建议还是加上os.path.join()

8. 检查路径有效性

1> 如果path参数路径所制定的文件或文件夹存在，调用 os.path.exists(path)将返回True,否则返回False

2> 如果path参数存在，并且是一个文件，调用os.path.isfile()将返回True，否则返回Flase

3> 如果path参数存在，并且是一个文件夹，调用os.path.isdir(path)将返回True

>>> import os
>>> os.path.isdir(os.getcwd())
True
>>> os.path.exists(os.path.join(os.getcwd(),'lily'))
False
>>> os.path.exists(os.path.join(os.getcwd(),'Narcissistic.py'))
True
>>> os.path.isfile(os.path.join(os.getcwd(),'Narcissistic.py'))
True
>>> os.path.isdir(os.path.join(os.getcwd(),'Narcissistic.py'))
False
>>> os.getcwd()
'C:\\Learning\\PYTHON\\python-auto\\100-days'
>>> os.listdir(os.getcwd())
['100-days.zip', 'CHONG_DIR.txt', 'datatype.py', 'day6', 'day9_object_duotai.py', 'day9_object_pro.py', 'dirregex.py', 'fileproc.py', 'gui1.py', 'mkdir', 'Narcissistic.cpp', 'Narcissistic.py', 'pthread.cpp', 'regex.py', 'tar.txt', 'TAR_DIR.txt', 'UltramanMonsters.py']
>>>

9. 文件读写过程

9.1 用open()函数打开文件

Python open() 方法用于打开一个文件，并返回文件对象，在对文件进行处理过程都需要使用到这个函数，如果该文件无法被打开，会抛出 OSError。

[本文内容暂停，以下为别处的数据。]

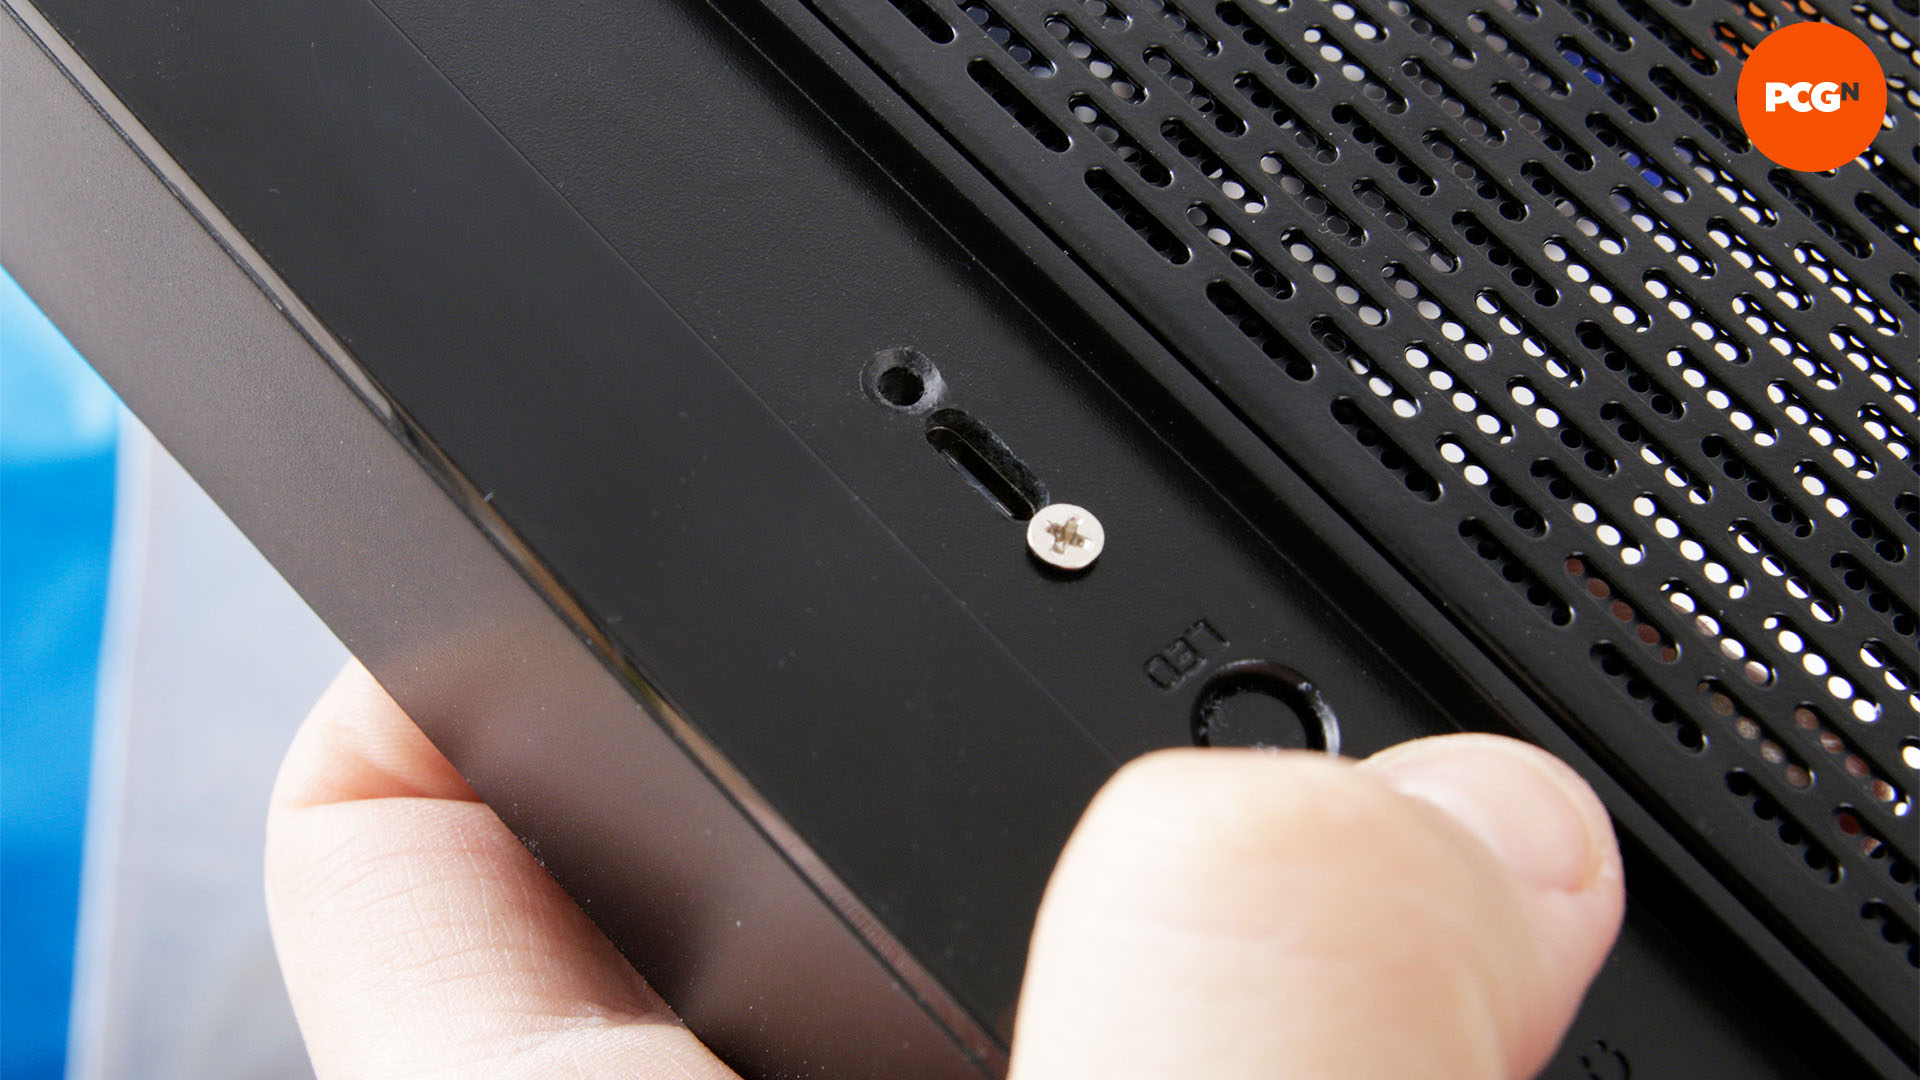 How to add USB-C to your PC case: Drill screw recesses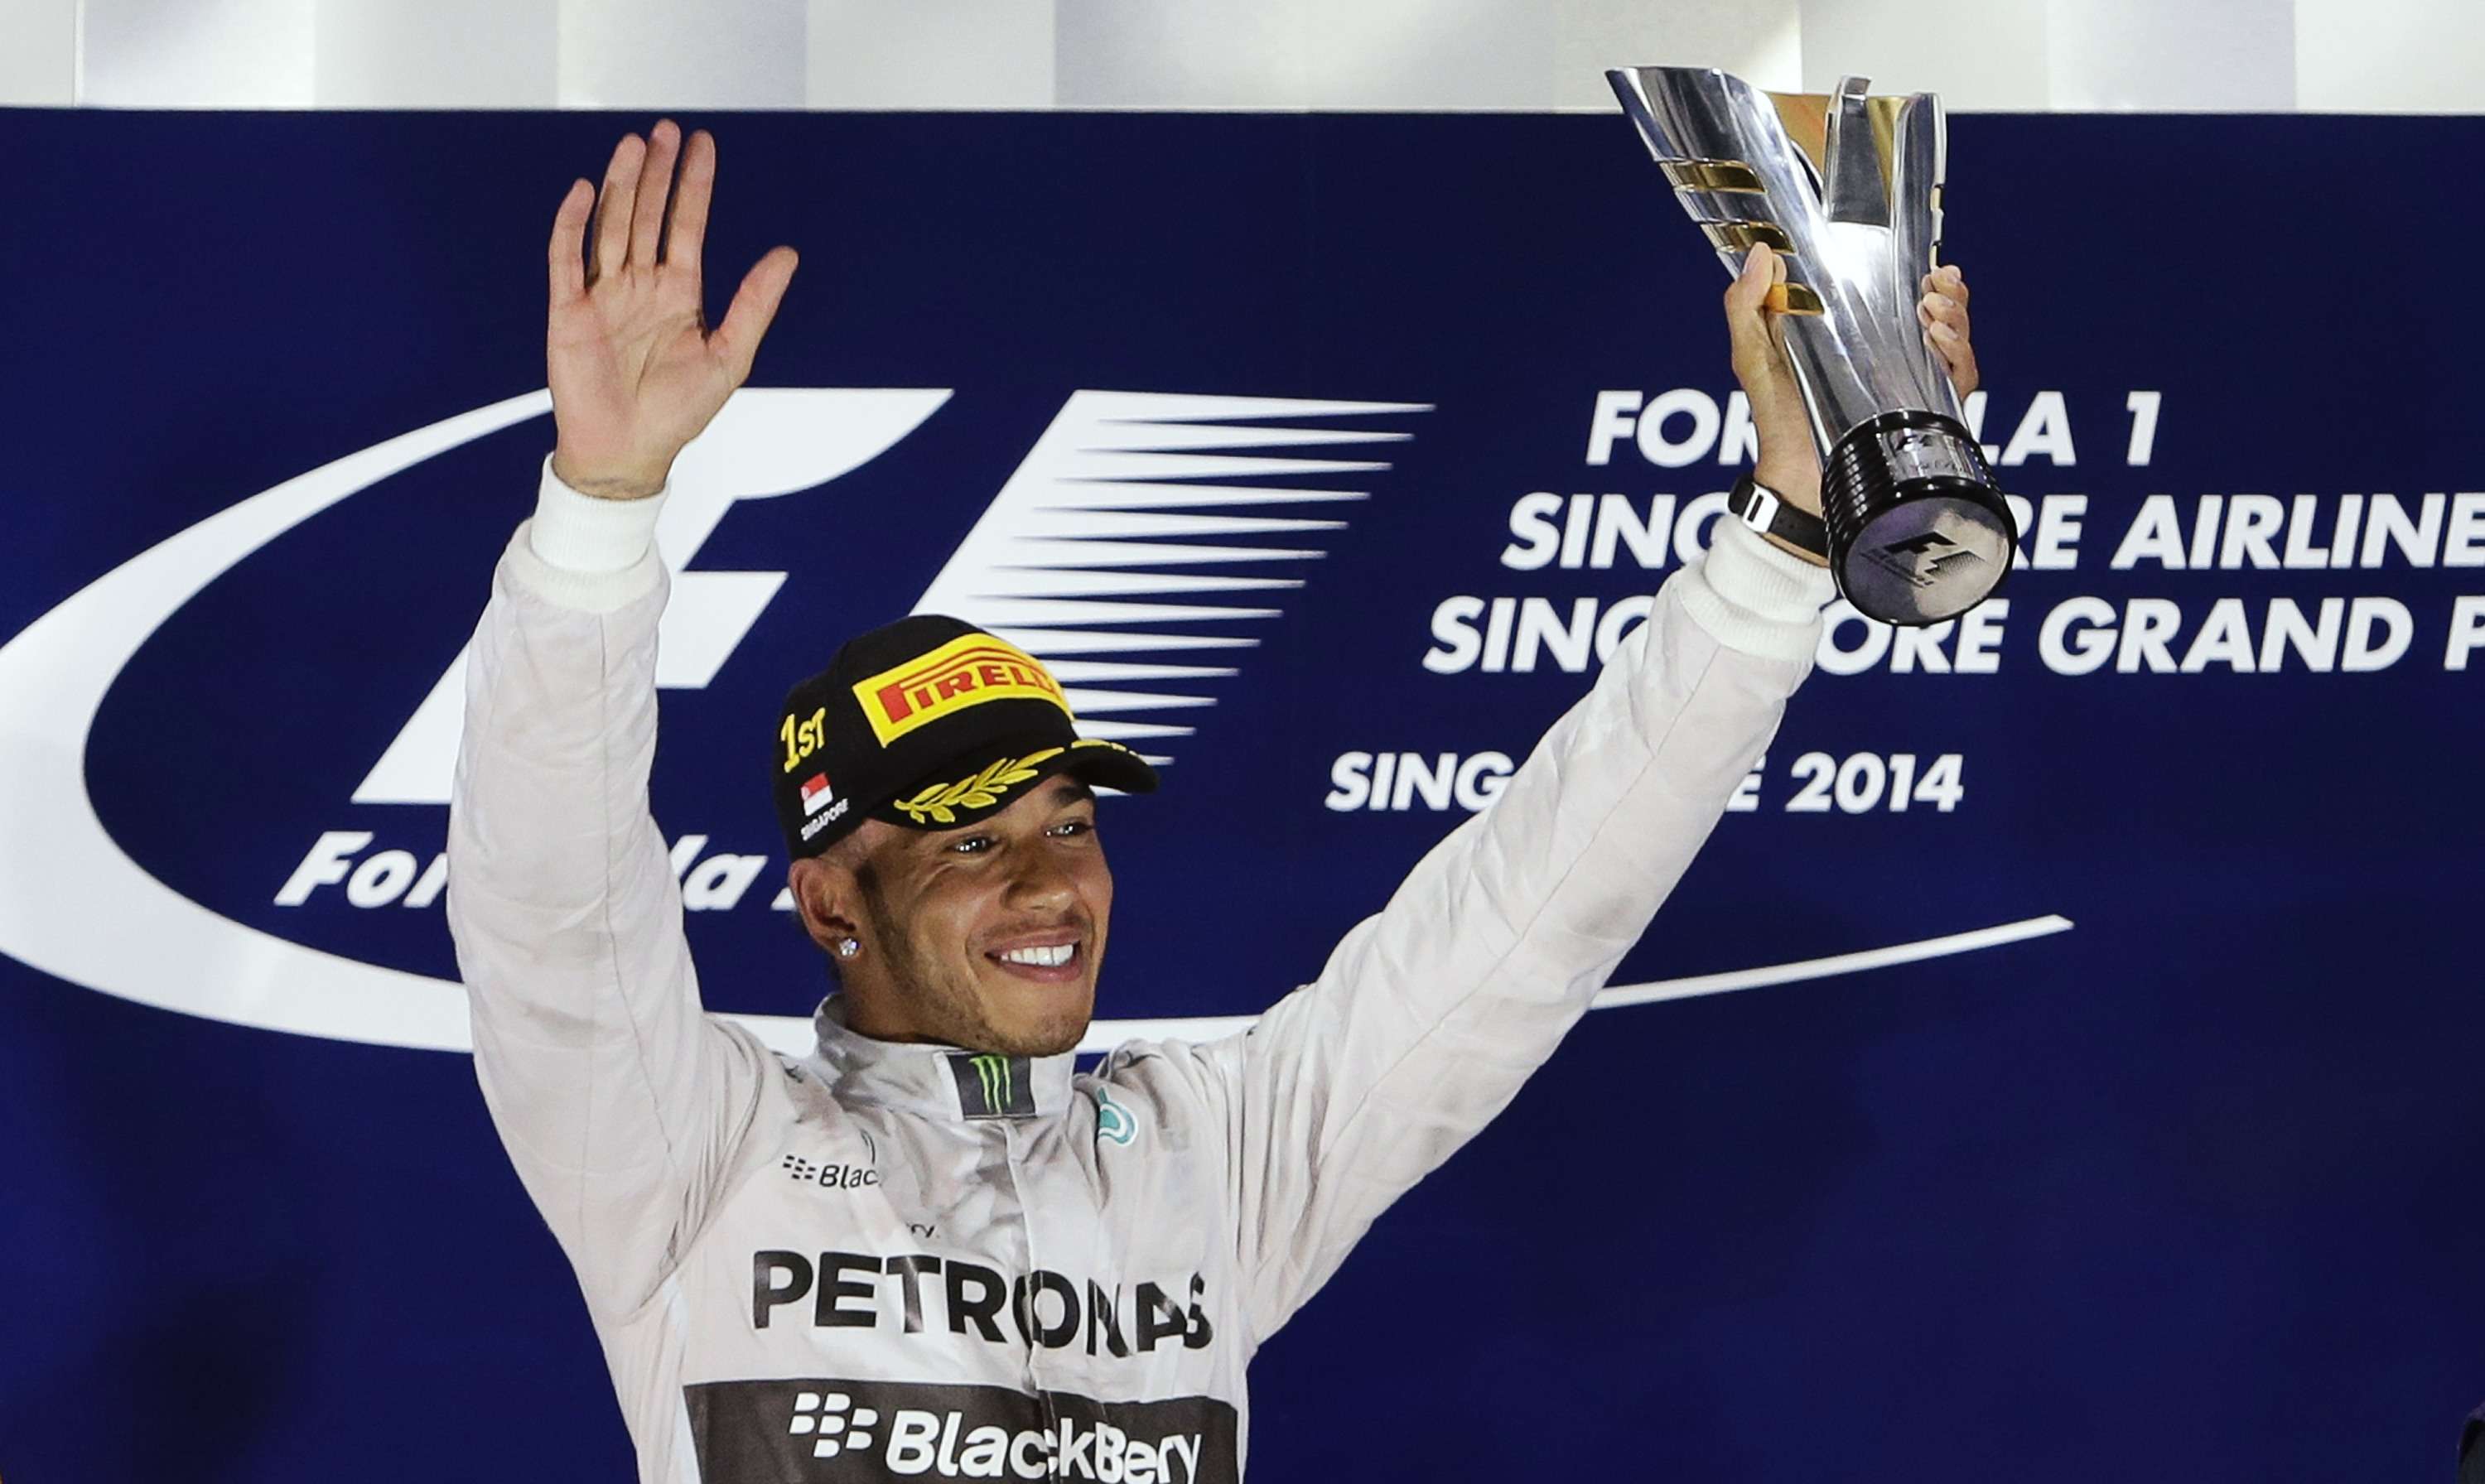 Lewis Hamilton says the Singapore Grand Prix is challenging. Photo: Reuters

注意：使用 open() 方法一定要保证关闭文件对象，即调用 close() 方法。

open() 函数常用形式是接收两个参数：文件名(file)和模式(mode)。

open(file, mode='r')

完整的语法格式为：

open(file, mode='r', buffering=-1, encoding=None, errors=None, newline=None, closefd=True, opener=None)

参数说明:

file: 必需，文件路径（相对或者绝对路径）。
mode: 可选，文件打开模式
buffering: 设置缓冲
encoding: 一般使用utf8
errors: 报错级别
newline: 区分换行符
closefd: 传入的file参数类型
opener:

mode 参数有：

模式	描述
t	文本模式 (默认)。
x	写模式，新建一个文件，如果该文件已存在则会报错。
b	二进制模式。
+	打开一个文件进行更新(可读可写)。
U	通用换行模式（不推荐）。
r	以只读方式打开文件。文件的指针将会放在文件的开头。这是默认模式。
rb	以二进制格式打开一个文件用于只读。文件指针将会放在文件的开头。这是默认模式。一般用于非文本文件如图片等。
r+	打开一个文件用于读写。文件指针将会放在文件的开头。
rb+	以二进制格式打开一个文件用于读写。文件指针将会放在文件的开头。一般用于非文本文件如图片等。
w	打开一个文件只用于写入。如果该文件已存在则打开文件，并从开头开始编辑，即原有内容会被删除。如果该文件不存在，创建新文件。
wb	以二进制格式打开一个文件只用于写入。如果该文件已存在则打开文件，并从开头开始编辑，即原有内容会被删除。如果该文件不存在，创建新文件。一般用于非文本文件如图片等。
w+	打开一个文件用于读写。如果该文件已存在则打开文件，并从开头开始编辑，即原有内容会被删除。如果该文件不存在，创建新文件。
wb+	以二进制格式打开一个文件用于读写。如果该文件已存在则打开文件，并从开头开始编辑，即原有内容会被删除。如果该文件不存在，创建新文件。一般用于非文本文件如图片等。
a	打开一个文件用于追加。如果该文件已存在，文件指针将会放在文件的结尾。也就是说，新的内容将会被写入到已有内容之后。如果该文件不存在，创建新文件进行写入。
ab	以二进制格式打开一个文件用于追加。如果该文件已存在，文件指针将会放在文件的结尾。也就是说，新的内容将会被写入到已有内容之后。如果该文件不存在，创建新文件进行写入。
a+	打开一个文件用于读写。如果该文件已存在，文件指针将会放在文件的结尾。文件打开时会是追加模式。如果该文件不存在，创建新文件用于读写。
ab+	以二进制格式打开一个文件用于追加。如果该文件已存在，文件指针将会放在文件的结尾。如果该文件不存在，创建新文件用于读写。

9.2 读取文件内容

file.read([size])

从文件读取指定的字节数，如果未给定或为负则读取所有。

file.readline([size])

读取整行，包括 "\n" 字符。

file.readlines([sizeint])

读取所有行并返回列表，若给定sizeint>0，返回总和大约为sizeint字节的行, 实际读取值可能比 sizeint 较大, 因为需要填充缓冲区。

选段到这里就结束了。